Simple spatial grid for particle system

HoboProber's answer is good with regards to clean code, but more than likely slower than what you already have.

At the moment we basically have to following variants of the key function:

from math import floor


def key_op(particle, cell_size):
    return int(particle[0] / cell_size), int(particle[1] / cell_size), int(particle[2] / cell_size)


def key_hobo(particle, cell_size):
    return tuple(coordinate // cell_size for coordinate in particle)

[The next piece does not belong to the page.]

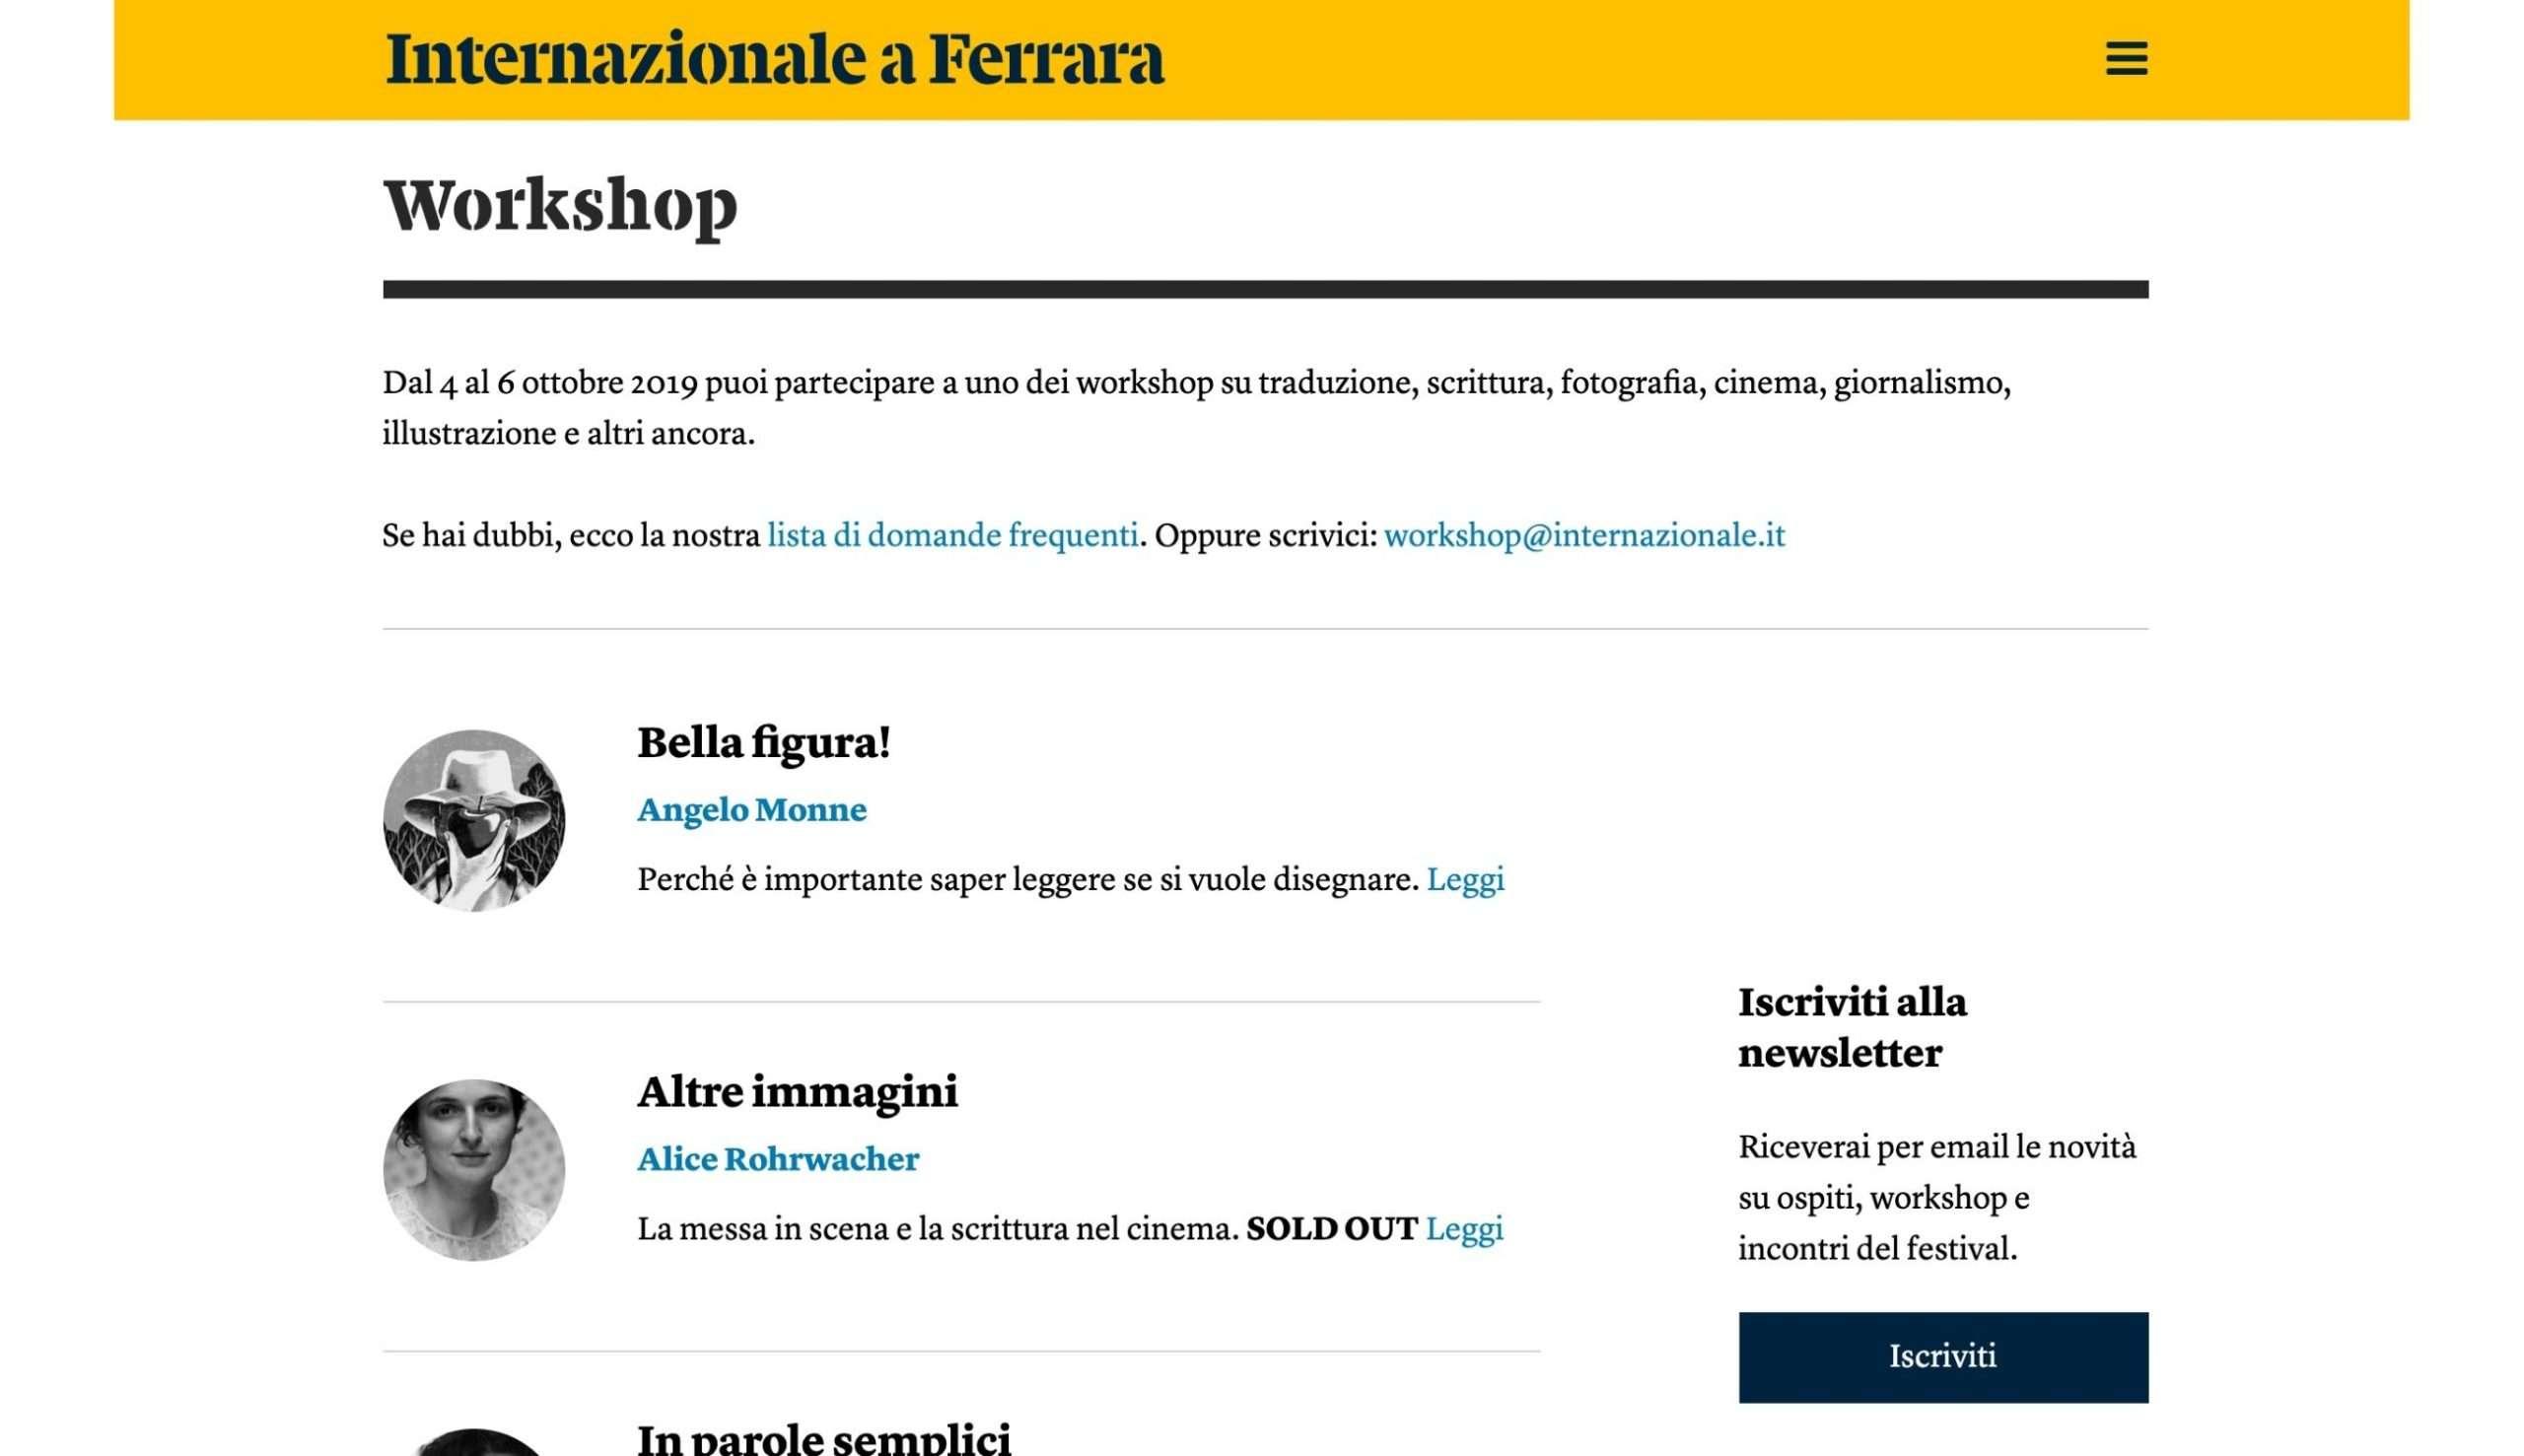 Internazionale a Ferrara - workshop

def key_op_edit(particle, cell_size):
    """This was taken from your edit that was rolled back due to answer invalidation"""
    return floor(particle[0] / cell_size), floor(particle[1] / cell_size), floor(particle[2] / cell_size)

HoboProber already sneakily introduced floor division (think \\) to you, so the explicit version of this is also up for discussion:

def key_floor_div(particle, cell_size):
    return particle[0] // cell_size, particle[1] // cell_size, particle[2] // cell_size

The timings for them are as follows:

key_op          1.28 µs ± 16.2 ns (mean ± std. dev. of 7 runs, 1000000 loops each)
key_op_edit     1.62 µs ± 13.8 ns (mean ± std. dev. of 7 runs, 1000000 loops each)
key_hobo        2.09 µs ± 34.3 ns (mean ± std. dev. of 7 runs, 100000 loops each)
key_floor_div   1.11 µs ± 14.3 ns (mean ± std. dev. of 7 runs, 1000000 loops each)

The timing was done in an IPython environment running %timeit func(example, cell_size) with example = (23849.234, 1399283.8923, 2137842.24357) and cell_size = 10.

Based on these results there seems to be a narrow win for the floor div version over the original implementation.

But can we do better? Enter numba, a just-in-time compiler for Python code. At this early testing stage basically all you have to do is from numba import jit and then

@jit(nopython=True)
def key_op_numba(particle, cell_size):
    return int(particle[0] / cell_size), int(particle[1] / cell_size), int(particle[2] / cell_size)

Act accordingly for the other versions. Now lets look at the timings:

key_op          623 ns ± 8.42 ns (mean ± std. dev. of 7 runs, 1000000 loops each)
key_op_edit     618 ns ± 10.5 ns (mean ± std. dev. of 7 runs, 1000000 loops each)
key_hobo*       N/A
key_floor_div   628 ns ± 7.06 ns (mean ± std. dev. of 7 runs, 1000000 loops each)

As you can see numba can easily double the performance of this functions, and that is with the default settings. You might be able to squeeze out a little bit more of you are really going for it.

Bug: There is likely a bug in this piece of code:

if k in self.cells:
    c = self.cells[k]
else:
    c = set()
    self.cell_size[k] = c
#            ^-- should likely be self.cells here

Note: a defaultdict can help to simplify this part of the code, though I cannot really say something on how its performance compares to that of a normal dict and your member-check/if-construct.

*numba does not seem to like to instantiate a tuple from a generator expression, transforming it into a list comprehension yields 1.25 µs ± 25.1 ns. You then have to convert it to a tuple to make it hashable, e.g. tuple(key_hobo_numba(example, cell_size), which leaves us with the final timing of 1.45 µs ± 14.8 ns.